Their daily routine of planting trees, spreading gravel and renovating houses can become unbearable in the heat of summer, Terrazas and other laborers said. Some bosses give them shade, cold water, sandwiches and generous rest breaks. Others force the laborers to drink from backyard faucets and yell if the men sit down for more than five minutes, they said.
Noon 111 degrees
José Castro ducked into a shady pocket park in downtown Phoenix where he has been sleeping and pulled out a cherished sheaf of papers: an application for a subsidized apartment for his family. He said he had spent hours waiting in the sun at a Phoenix homeless-services center to get the application.
Castro, 30, said his family had lost their two-bedroom apartment after the pandemic struck and he and his wife lost hours at their warehouse and office-cleaning jobs, sending them into a financial tailspin.
Rents in Phoenix rose about 8% during the pandemic, the most of any major city, according to the real estate site Zillow. Castro said he could no longer afford the $1,100 that landlords in his old neighborhood were demanding.

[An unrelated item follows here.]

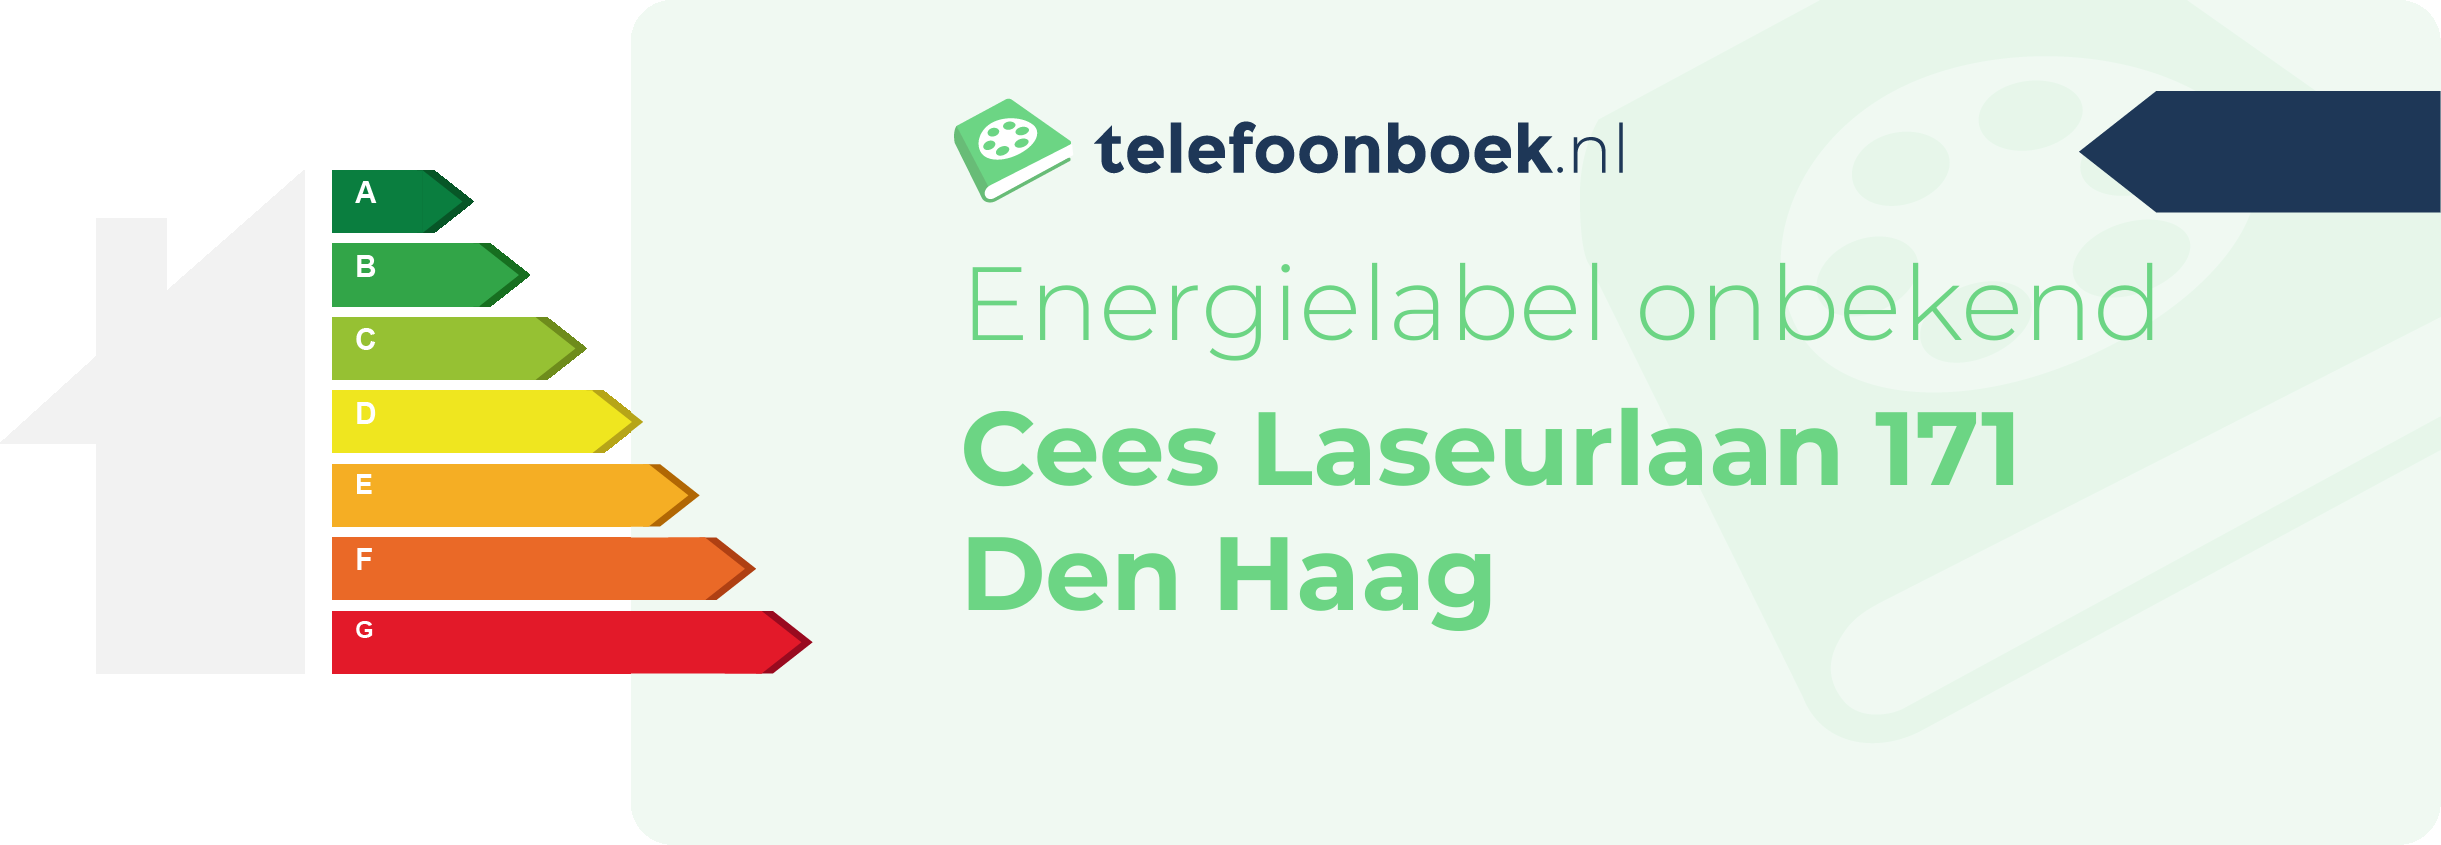 Energielabel Cees Laseurlaan 171 Den Haag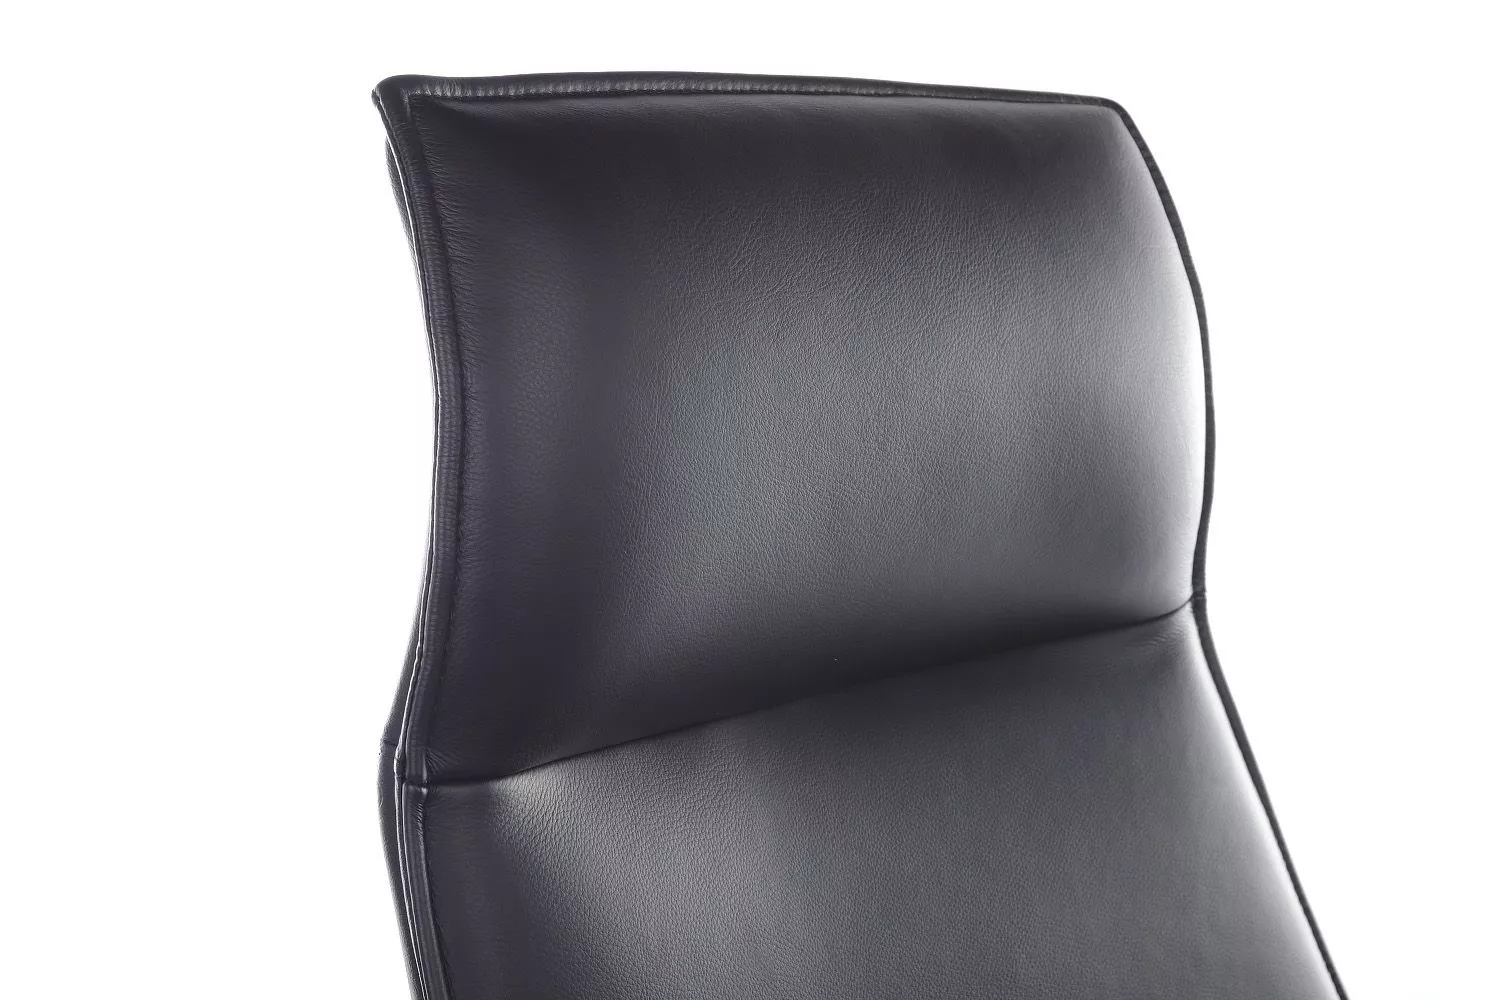 Кресло RIVA DESIGN Rosso (А1918) черный

“We have this perfect storm happening here of an affordable housing crisis, high eviction rates, massive energy bill burdens, COVID,” said Stacey Champion, who is part of a new movement of heat activists urging governments to do more to plan and protect people.
2:30 p.m. 115 degrees
Theresa Reyas, 49, parked her coolers on a downtown sidewalk, sat down and started selling. She had to make $85 that afternoon to pay for another day’s rent at the E Z Inn, where she has been staying since she left her husband.
Coke? Squirt? Water? she asked people walking by. The people working in air-conditioned office parks or relaxing beside their pools might not need $1 sodas, she reasoned. But in Phoenix’s hottest, least-shaded neighborhoods, they would sell.
“Every year it’s getting hotter and hotter,” she said. “You’ve got to go where the people are. You’ve got to go where it’s hot.”
7 p.m. 113 degrees
As heat waves get fiercer and heat-trapping cities push ever outward, desert nights do not cool down like they once did. And air conditioning bills are pricier than ever. So as the sun set over the city of Mesa, John Nyre, 70, turned off the window unit in his trailer home and went to watch reruns of an ’80s mystery series with his friend Gloria Ellis.
Both worry about their power bills and try to run their air conditioners as little and low as they can. Ellis sets hers to 77 degrees. Nyre’s trailer is baking at 95 degrees some nights when he comes home.
People living in trailer homes face a heightened risk of dying indoors, and Nyre said one of his neighbors was found dead two summers ago. The friends spend time in cool grocery stores but said a nearby senior center where they once went to keep cool remains largely closed because of the pandemic.
“It’s not easy,” Ellis said. “There’s not much you can do.”